WHAT IS REQUIRED:
In the entries that follow, find the line containing "natural elements Vitamin B Komplex" and the line containing "A complete backup", then retype exactly the lines from the first through the second, pictures excluded.

STORED DATA:
━━━━━━━━━━
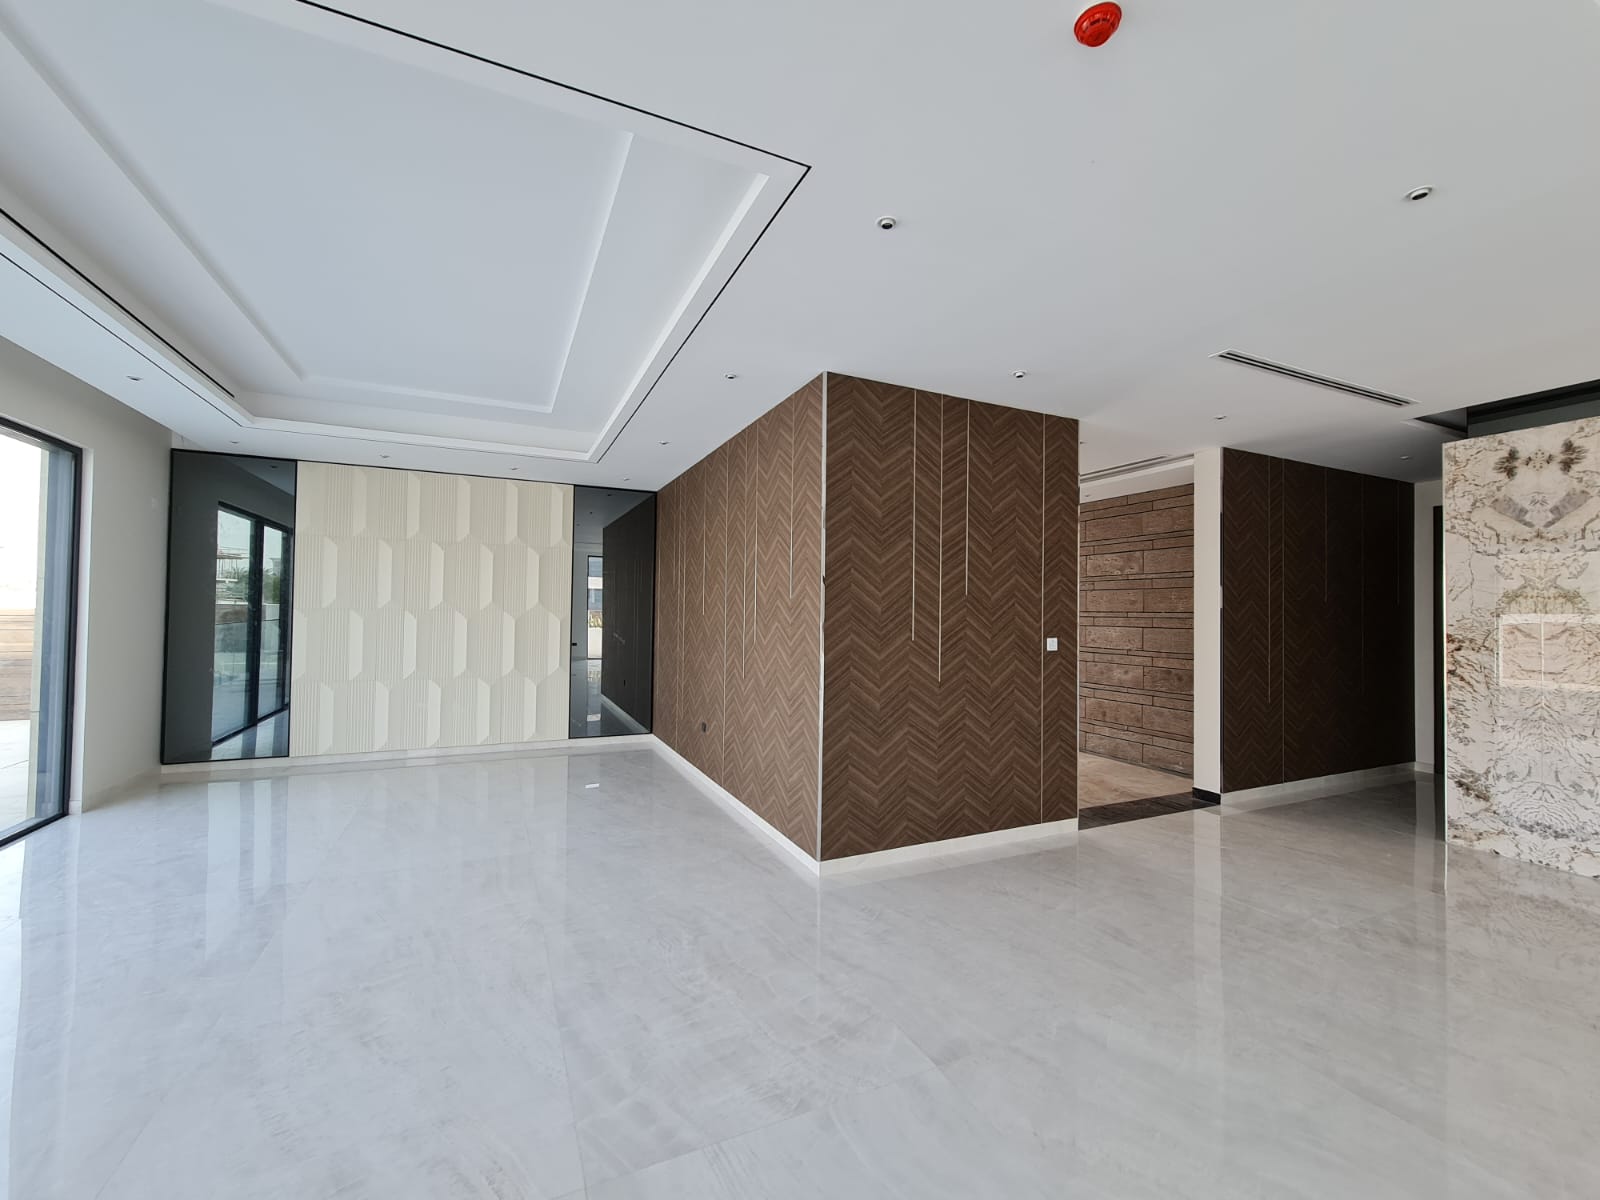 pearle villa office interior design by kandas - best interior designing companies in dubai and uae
━━━━━━━━━━
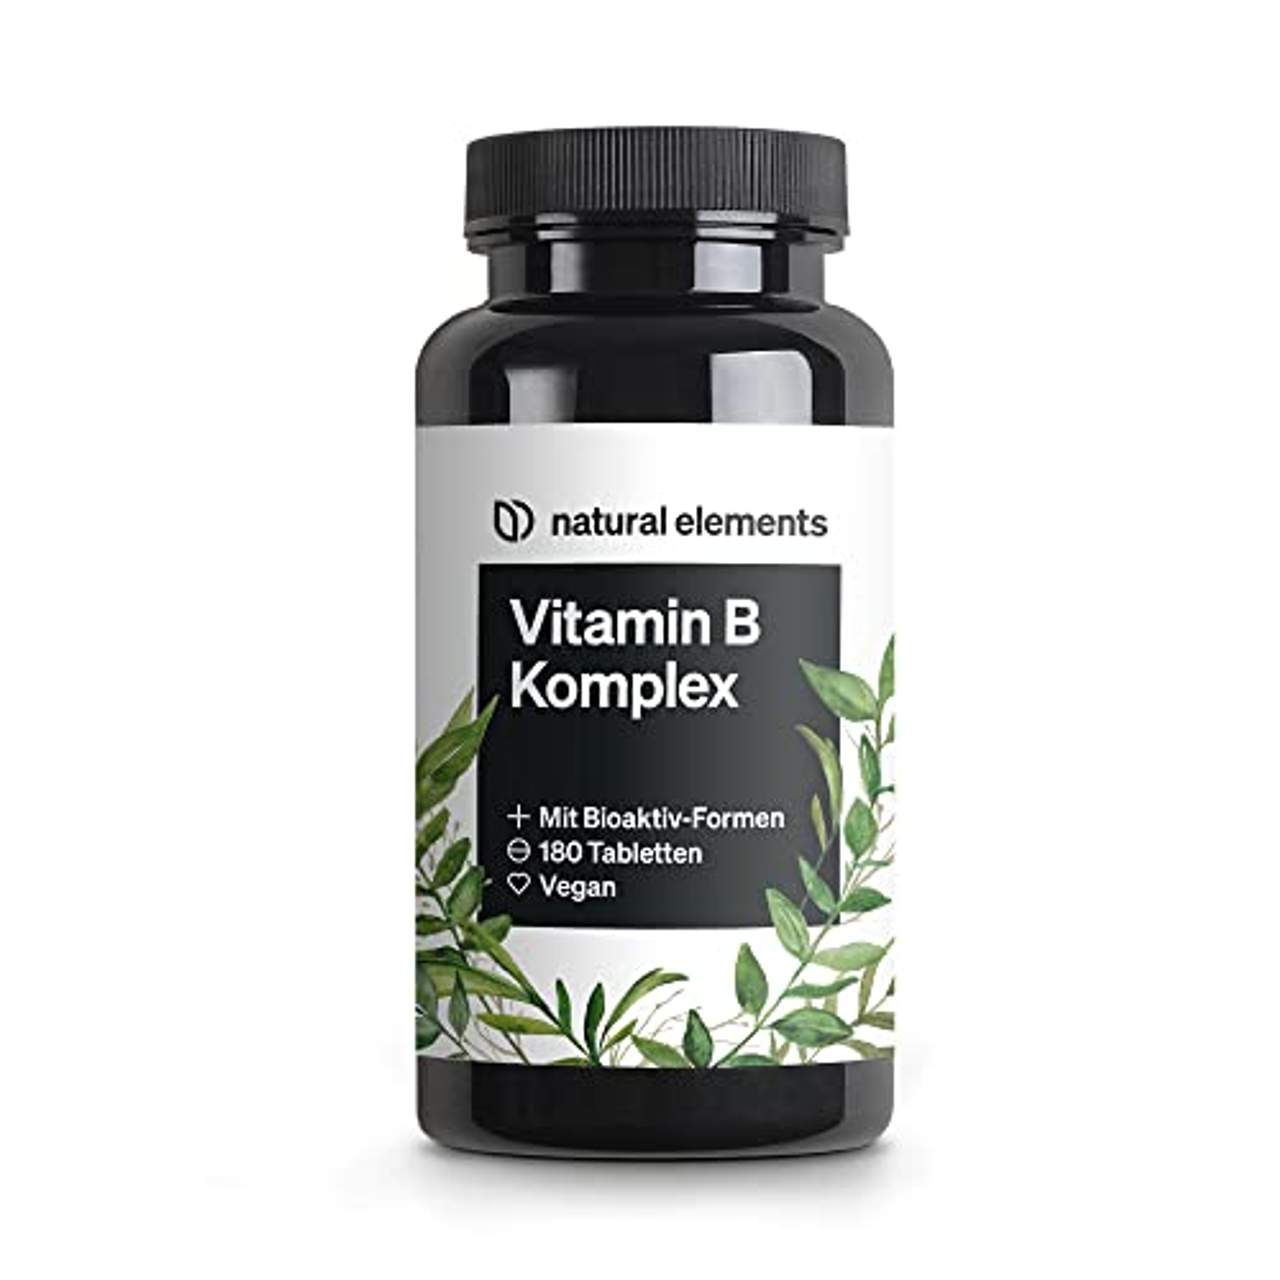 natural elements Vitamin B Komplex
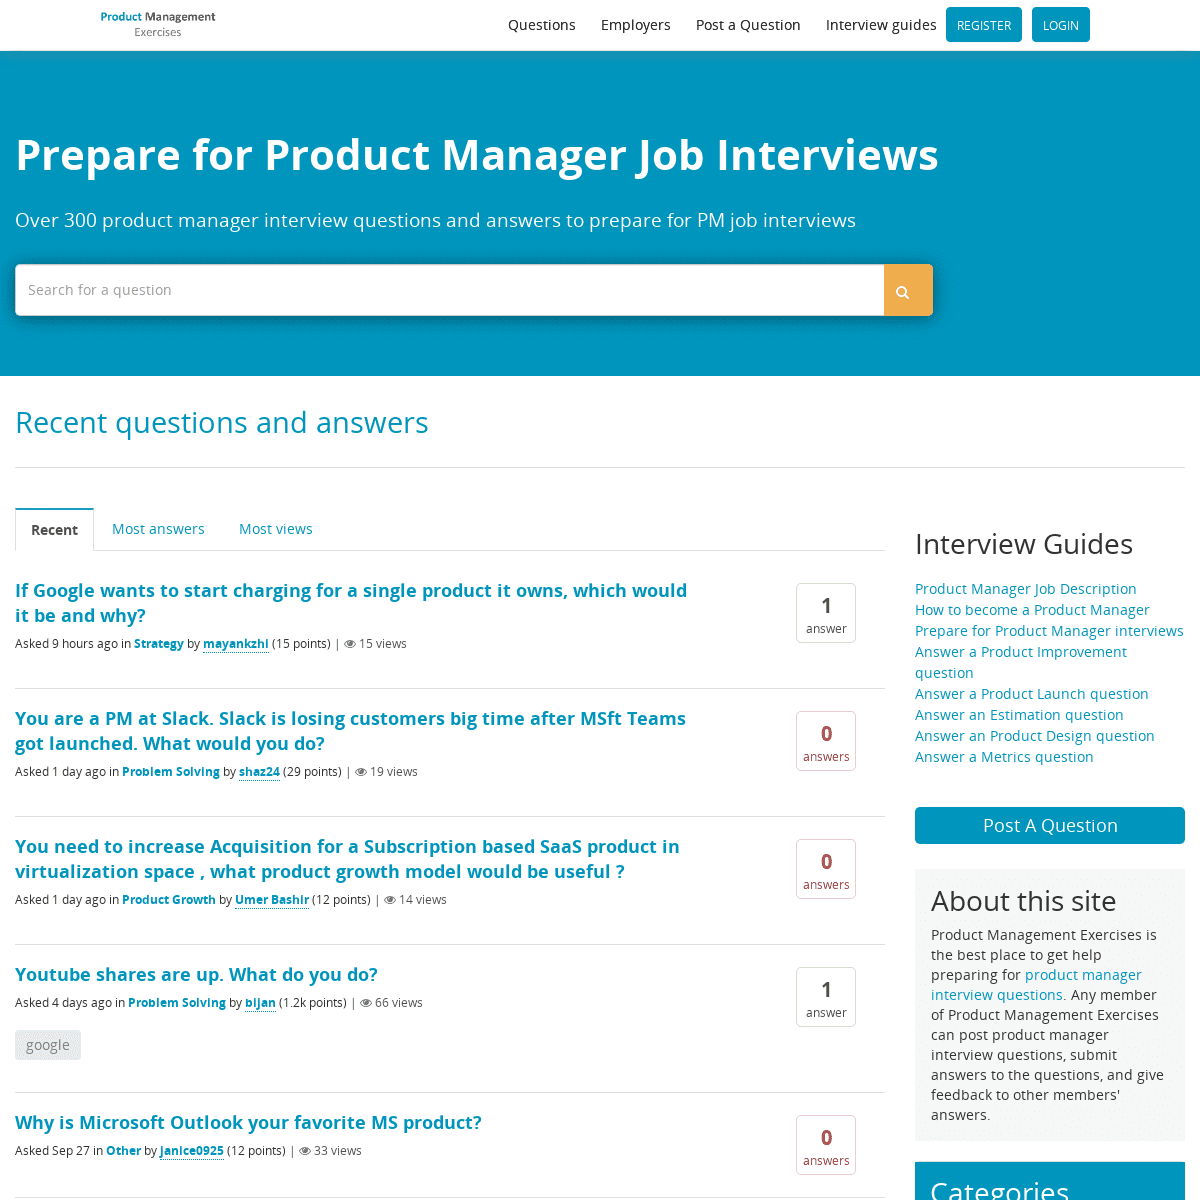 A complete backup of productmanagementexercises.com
━━━━━━━━━━
TASK OUTPUT:
 natural elements Vitamin B Komplex
 A complete backup of productmanagementexercises.com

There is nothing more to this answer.